Harnessing CRISPR technology for the treatment of cystic fibrosis

Cystic fibrosis is an autosomal recessive disease caused by mutations in the CFTR gene. A significant number of mutations (~13%) alter the correct splicing of the CFTR gene, causing the transcription of aberrant transcripts resulting in the production of a non-functional CFTR channel.

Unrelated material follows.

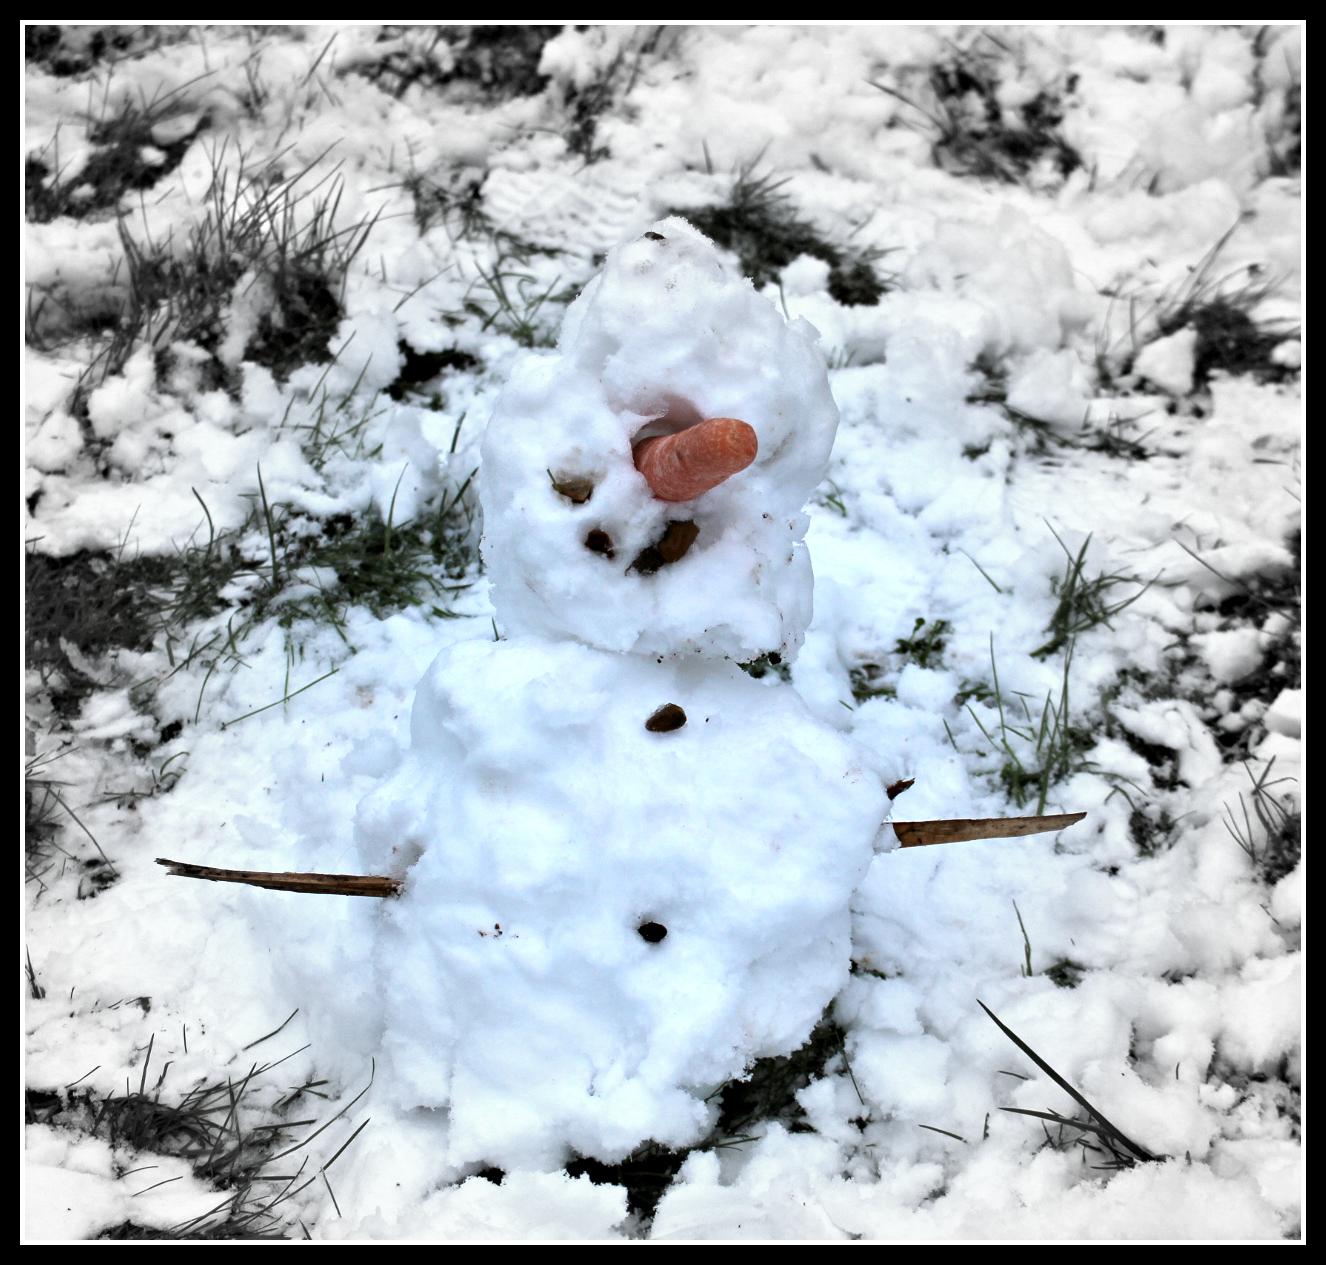 snow, snowman, weather, child, children

We focus our research on two intronic CF causing mutations, 3272-26A>G and 3849+10kbC>T that create a new acceptor and donor splice site, respectively, generating in the inclusion of intronic portions into the mRNA. We developed a new genome editing approach to permanently correct the abovementioned mutations by means of CRISPR nucleases. We exploited the use of either Streptococcus pyogenes Cas9, SpCas9, or Acidaminococcus sp. BV3L6, AsCas12a, to edit the aberrant splicing sites and restore the production of the correct transcript, avoiding modifications of the CFTR coding sequence. A comparative analysis between SpCas9 and AsCas12a revealed that the use of AsCas12a with a single crRNA efficiently edits the target loci, producing correctly spliced mRNAs in both 3272-26A>G and 3849+10kbC>T mutations. Furthermore, this genetic repair strategy proved to be highly specific, exhibiting a strong discrimination between the mutated and the wild-type allele and no detectable off-target activity with genome-wide analysis. The selected crRNAs were tested in patients derived primary airway cells and intestinal organoids compound heterozygous for the 3272-26A>G or 3849+10kbC>T mutations, that are considered relevant CF models for translational research. The efficient splicing repair and the complete recovery of CFTR channel activity observed confirmed the goodness of the proposed gene editing strategy. These results demonstrated that allele-specific genome editing with AsCas12a can correct aberrant CFTR splicing mutations, paving the way for a permanent splicing correction in genetic diseases.